- Genre: Coming-of-age Drama Dance
- Created by: Vijay
- Written by: Vijay Mrudhula Sridharan
- Directed by: Vijay Prasanna JK Mrudhula Sridharan
- Starring: Ditya Bhande; Nagendra Prasad; Chinni Prakash; Vivek Jogdande; Meetha Raghunath; Sree Ram;
- Music by: Sam C. S.
- Country of origin: India
- Original language: Tamil
- No. of seasons: 1

Production
- Producers: A. L. Alagappan Hitesh Thakkur
- Cinematography: Sandeep K. Vijay
- Editor: Anthony
- Production companies: D Studios Think Big Studio

Original release
- Network: ZEE5
- Release: 18 November 2022

= Five Six Seven Eight =

Indian coming-of-age web series

Five Six Seven Eight is an Indian Tamil-language television series directed by Vijay, Prasanna JK, and Mrudhula Sridharan and produced by A.L. Alagappan and Hitesh Thakkur, starring Ditya Bhande, Nagendra Prasad and Chinni Prakash. It follows the lives of gifted middle-class youngsters turned financially disadvantaged dancers who work hard to overcome difficulty and achieve their dreams.

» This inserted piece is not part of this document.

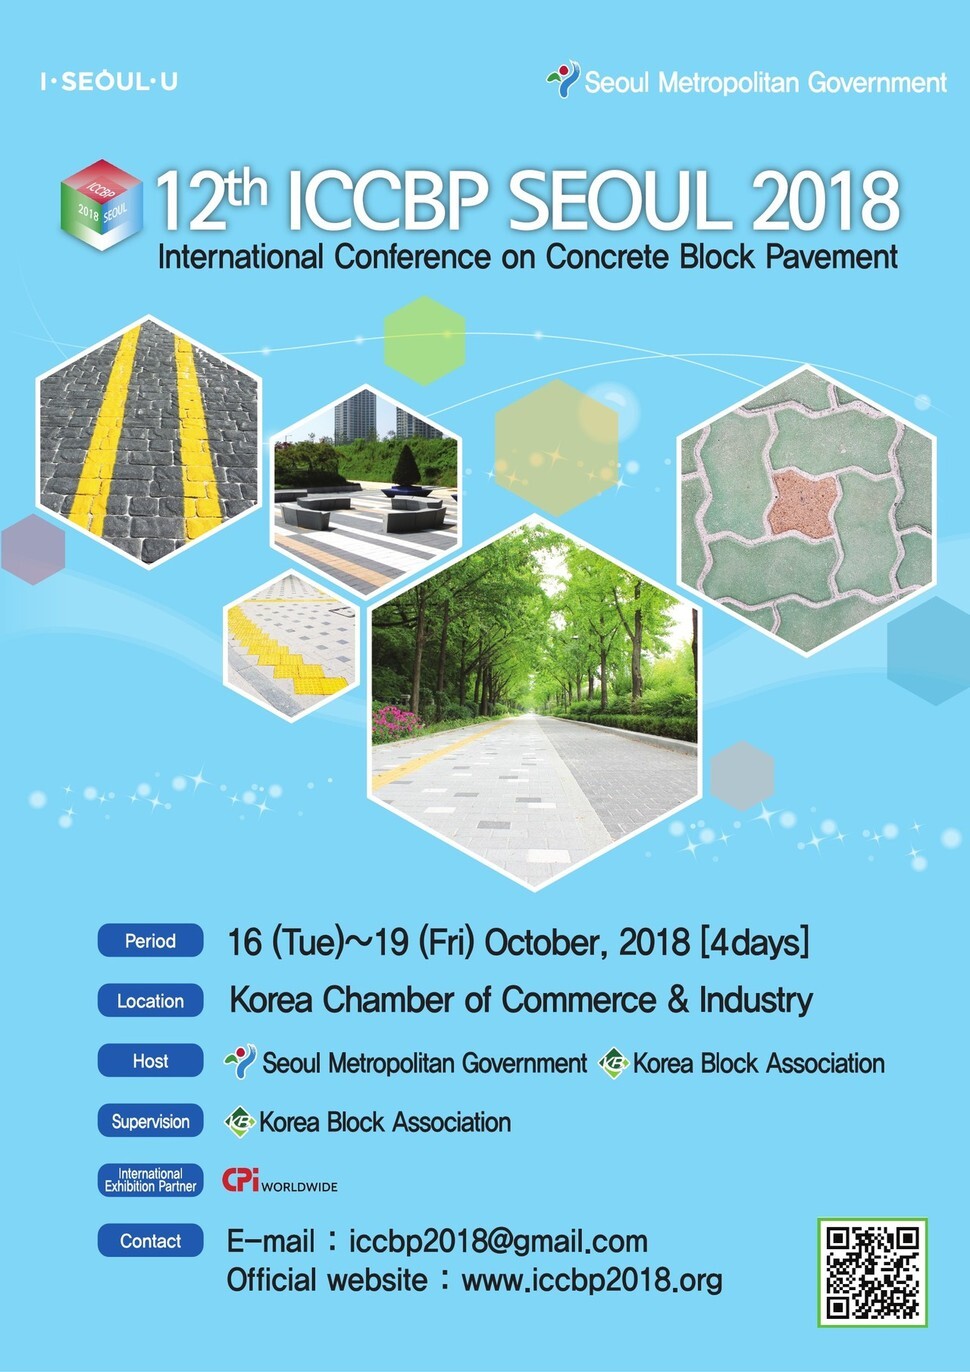 The official poster for the 12th ICCBP SEOUL 2018

It premiered on ZEE5 on 18 November 2022.

== Promotion ==
In early 2022, ZEE5 announced a slate of eleven upcoming Tamil series and films, with Five Six Seven Eight being one of them, scheduled for a release on 18 November 2022. The makers unveiled the first look posters through social media platforms and the official teaser was released on 17 October 2022 which shows a conflict of sorts between two dance groups who come from different socio-economic backgrounds.

== Reception ==
A critic from Cinema Express wrote: "As a whole, the Five Six Seven Eight series has its heart in the right place."